El silencio que esconde el ADN

Hoy quiero compartir con vosotros una historia de pasión, humildad y superación, la historia que se esconde tras uno de los mayores silencios históricos del siglo XX, el descubrimiento de la estructura del ADN; un hecho que sólo fue posible gracias a la gran capacidad de Rosalind Franklin y que deja en evidencia la relación entre la ciencia, la ética y el reconocimiento del valor femenino de la época.

En 1951 Rosalind ya era titulada en física, química y matemáticas, y formaba parte del apenas diez por ciento de mujeres que se habían graduado en la Universidad de Cambridge. Fue entonces cuando el King´s College de Londres la invitó a trabajar en la división de biofísica junto a Maurice Wilkins, más en concreto en la investigación sobre el ADN.

Gracias a sus conocimientos previos en las técnicas de difracción de rayos X Rosalind obtuvo la famosa Foto51 en la que quedó evidenciada la doble estructura del ADN, hecho que guardó celosamente y lejos de su compañero Wilknins, quien siempre se había mostrado a disgusto por trabajar con ella.
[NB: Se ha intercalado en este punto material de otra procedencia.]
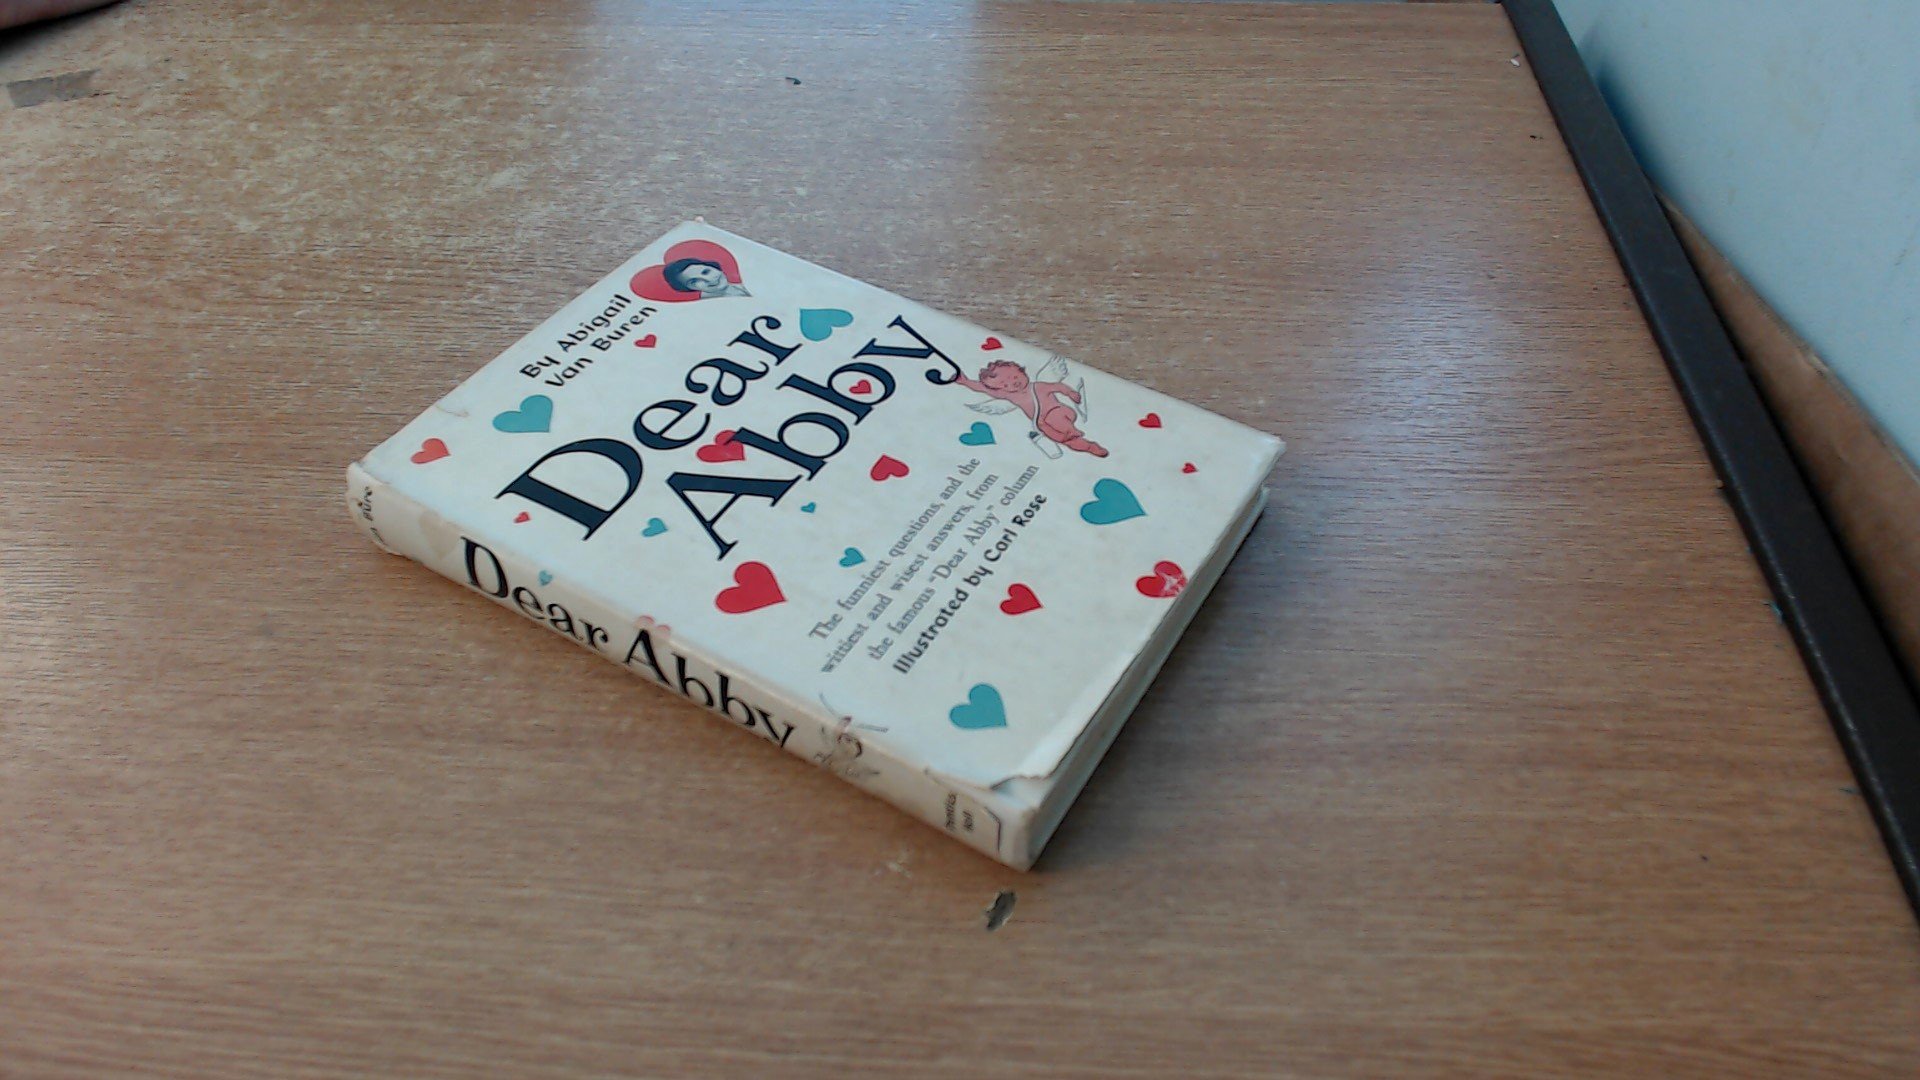 Dear Abby - Van Buren, Abagail - Hardcover - Good - Picture 1 of 1

Una tarde de 1953 Wilkins encontró y reveló la información celosamente guardada por ella a sus contrincantes en Cambridge, Watson y Crick, quienes presentaron el descubrimiento como propio ante la comunidad científica, obteniendo el reconocimiento en 1962 del Nobel de ciencia; Rosalind siempre pensó que había una notable coincidencia entre los datos de su investigación y los expuestos por el equipo de Cambridge.

A pesar de aquella época de frustración en el King´s College, su trayectoria científica se distinguió por su extrema claridad y perfección, lo que probablemente incentivó la rivalidad de Wilkins.

Franklin fue una profesional impecable, que logró publicar mucho más que otros científicos de la época y que cuenta entre sus contribuciones con la investigación que permitió la producción de la máscara de gas, lo que supuso una gran ventaja bélica para Gran Bretaña en los combates de la II Guerra Mundial.

De familia judía y posición acomodada, enfrentó desde muy temprana edad las cuestiones sexistas de la época. A sus veinte años, Rosalind Franklin ya tenía clara su vocación como científica, sin embargo, la tuvo que defender ante su padre, su gran opositor quien no apoyaba su decisión. Para ello redactó un manifiesto de rebeldía, en el que su determinación, pasión y amor por la humanidad convierten estas líneas en un referente a la hora de hablar de las mujeres en la ciencia.


“Estoy de acuerdo en que la fe es fundamental para tener éxito en la vida, pero no acepto tu definición de fe, la creencia de que hay vida tras la muerte.

En mi opinión, lo único que necesita la fe es el convencimiento de que esforzándonos en hacer lo mejor que podemos nos acercaremos al éxito, y que el éxito de nuestros propósitos, la mejora de la humanidad de hoy y del futuro, merece la pena conseguirse”


En 1968 cuando James Watson público su libro “La doble hélice” reveló el hecho de aquella tarde en la que gracias a Wilkins conoció la Foto51. Fue entonces cuando la comunidad científica comenzó a murmurar al respecto y Brenda Maddox pública su obra “La Dama Oscura del ADN”, obra que reivindica el descubrimiento de Rosalind. Para entonces, habían pasado diez años de su muerte.

La pasión de Rosalind Franklin y su manifiesto nos recuerdan que no importan las circunstancias; servir a la humanidad es el mayor reconocimiento a cualquier esfuerzo y nuestro mayor legado. Sin embargo, cabe preguntarse: ¿cuántos silencios más hay en la historia que esconden el éxito alcanzado gracias al talento femenino?